See, as a crafter I like to cut designs out of vinyl and those can be used to make signs or shirts with. BUT, if you've done this, then you know the tricky part is the piece that is in the middle of an object – like the letter O or letter A. These have a space in the middle that's not connected and therefore with vinyl you'll have to place it in the middle of your design as a separate piece.
With transfers, your design is all in one sheet. You can see from the photo that the “e” in the middle of the word is all included! If you look at the words above it there are lots of letters that have “middles” in “doubt, add”. It's all together! So this means that you peel off one-piece – all stuck together- and place it where you're going to paint or ink.
How to use a transfer
So, let's talk about how to use this beautiful thing! It's really quite simple.

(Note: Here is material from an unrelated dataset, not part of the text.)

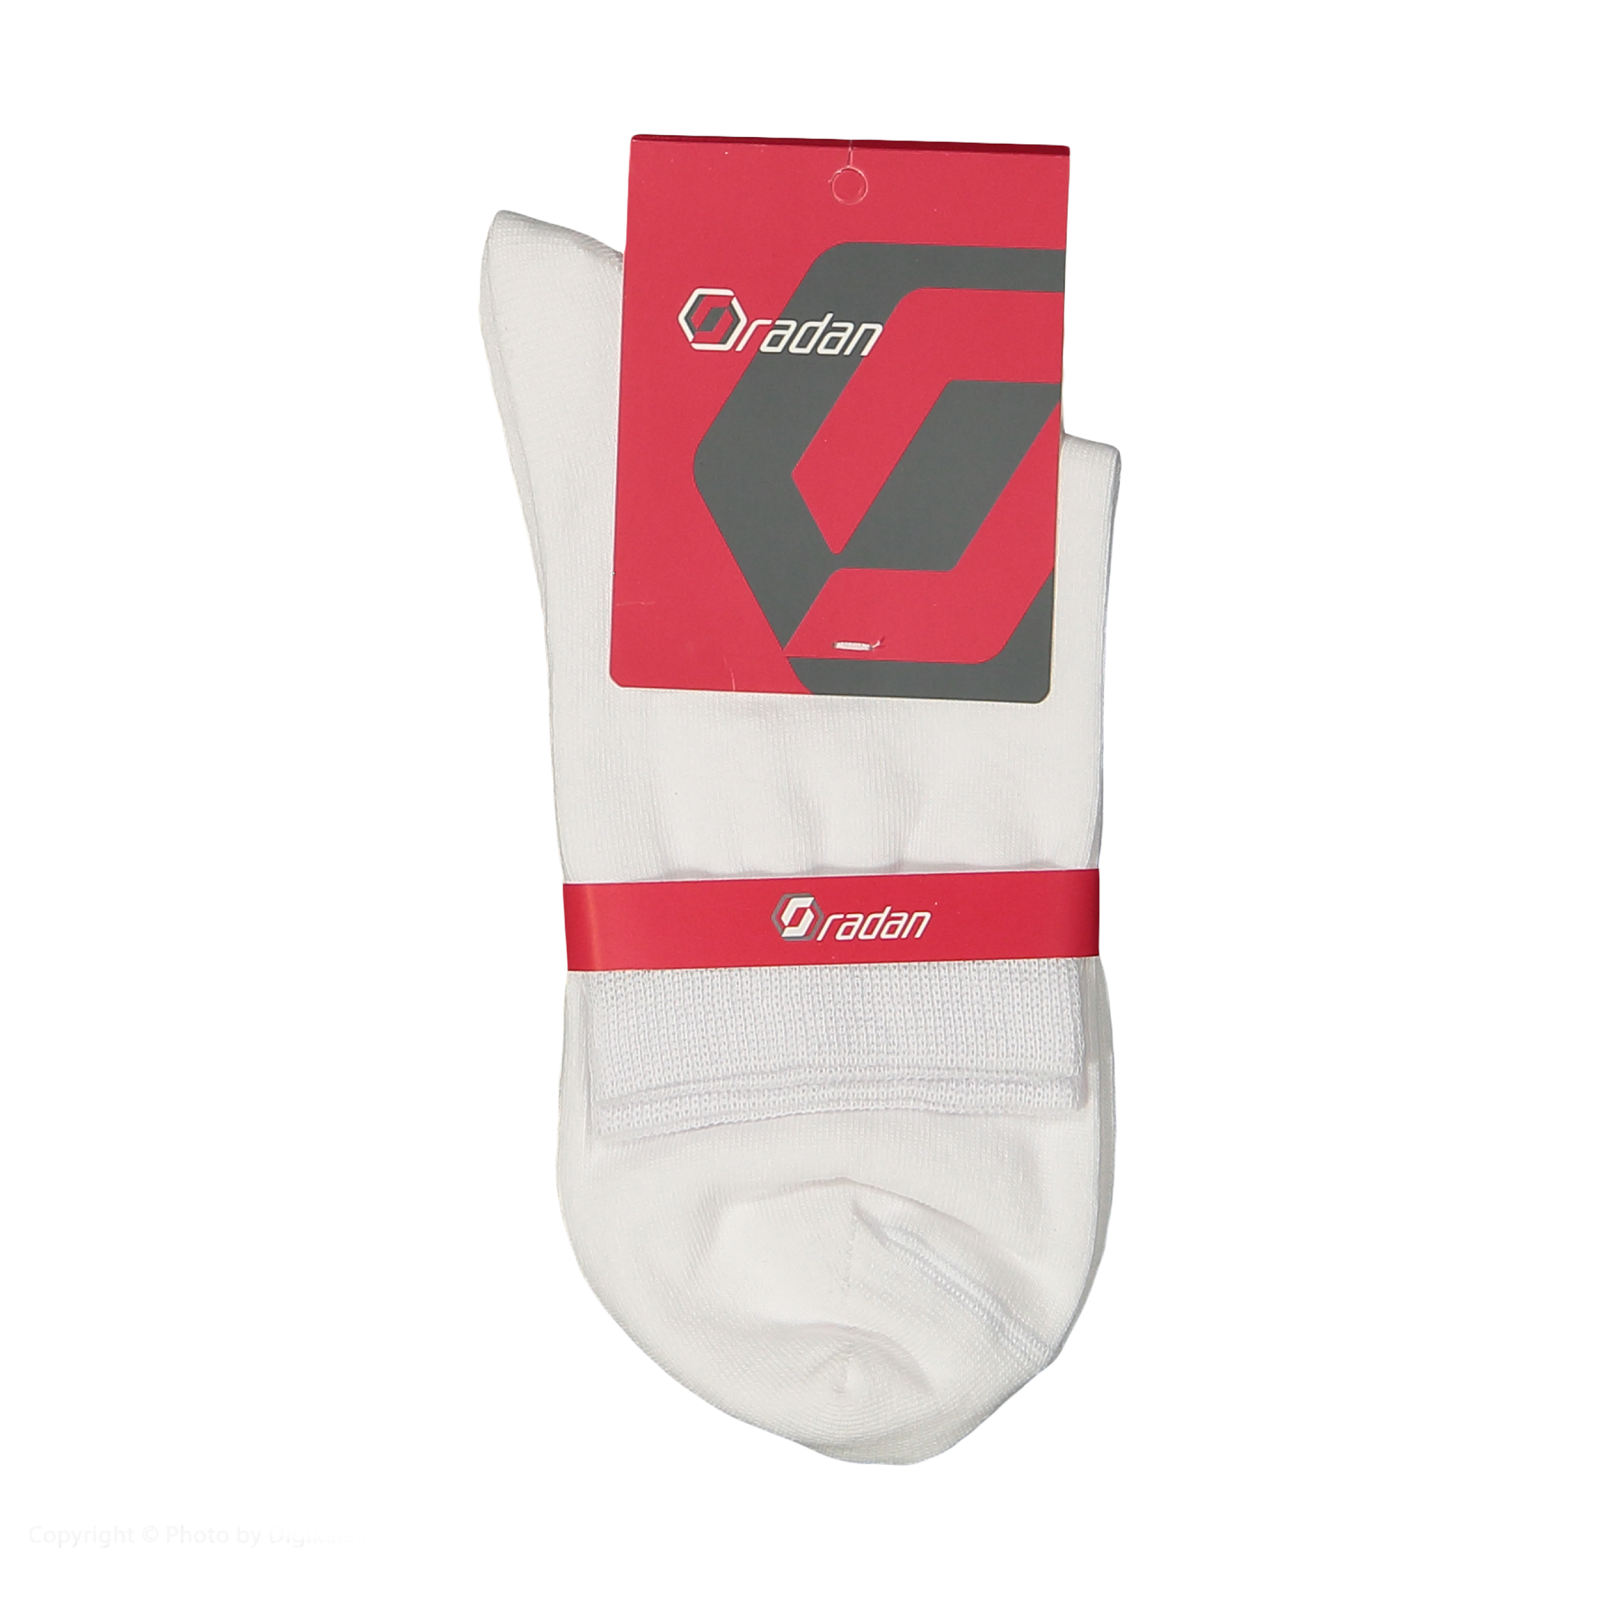 جوراب مردانه رادان کد 1001-02 -  - 2

Before you start, you may want to gather these additional items. I'd also suggest you put an X (or you can write the design name) on the back of your sheet with a permanent marker. Then, you're going to peel the front off the back carrier sheet and place the transfer of a fuzzing cloth. I love the fuzzing cloth from Chalk Couture (here are some tips on using your fuzzing cloth).
If you don't have a fuzzing cloth then an old hand towel will do. This will remove some of the sticky from your transfer so it doesn't stick so well to your project that you can't peel it up.

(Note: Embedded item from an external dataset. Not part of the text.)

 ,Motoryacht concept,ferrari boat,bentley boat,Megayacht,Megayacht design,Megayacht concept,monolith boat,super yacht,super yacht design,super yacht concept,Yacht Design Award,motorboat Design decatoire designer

Don't worry, we'll be cleaning it to “reactivate” the sticky so make sure you don't skip this part.
Not fuzzing your transfers will cause them to stick REALLY well to your project and you could damage or destroy the transfer trying to get it off once you've painted. You could also damage your surface by peeling up part of it if you are using a non-Chalk Couture board. Additionally, if you are layering designs, it could peel up the first layer of chalk paste.
If you are inking on fabric then you do not need to fuzz your transfer. You will need to make sure it is “sealed” to make sure your ink does not bleed around the edges of your transfer.
If you are using your transfer on a rough wood surface, you will want to wax your surface first. You can learn more about waxing wood in an upcoming article.
I like to clean chalk couture transfers immediately after using. This keeps the paint from clogging up the silkscreen areas so I can get the maximum value from my transfer.
You'll want a large pan filled with enough water to cover the bottom. If you're using a small A size transfer, a plastic dish also works well. I'm very much into recycling so I use a plastic tub that held food and I use that (after I thoroughly clean it!).
After painting and carefully peeling off the transfer, lay it flat into the water. Make sure there's enough water to submerge the transfer. I then use my fingers to rub the paint off the transfer.
You can also use board erasers to help get additional paint off. Keep in mind some paint colors like red or black that are deep colors may stain your transfer and that's ok. Also, inks tend to have higher pigments and will also stain more easily.
I've found the following tips really help to keep in mind when you get ready to clean chalk couture transfers:
You can use the commercial cleaning erasers if you don't have a chalk couture board eraser. I like to cut these large erasers into smaller pieces for easier use. I use one-fourth of a rectangle eraser usually (it's my thrifty nature to use my resources wisely!)
I find the board eraser will remove more of the paste than just rubbing it with my fingers.
If the water in your pan has become very colored, I find putting my transfer under running water one last time helps to remove any color that may still be on your chalk couture stencil.
Once you've got all the paint off, pick your transfer up by 2 adjacent corners and lay it sticky side up on your fuzzing cloth (but flip it over to the microfiber side. (I like a double-duty utensil!). Using a disinfectant wipe (DO NOT use baby wipes) wipe over the adhesive part of your transfer to remove any junk it's picked up from your surface. It also helps to wipe away any water that has puddled on it too.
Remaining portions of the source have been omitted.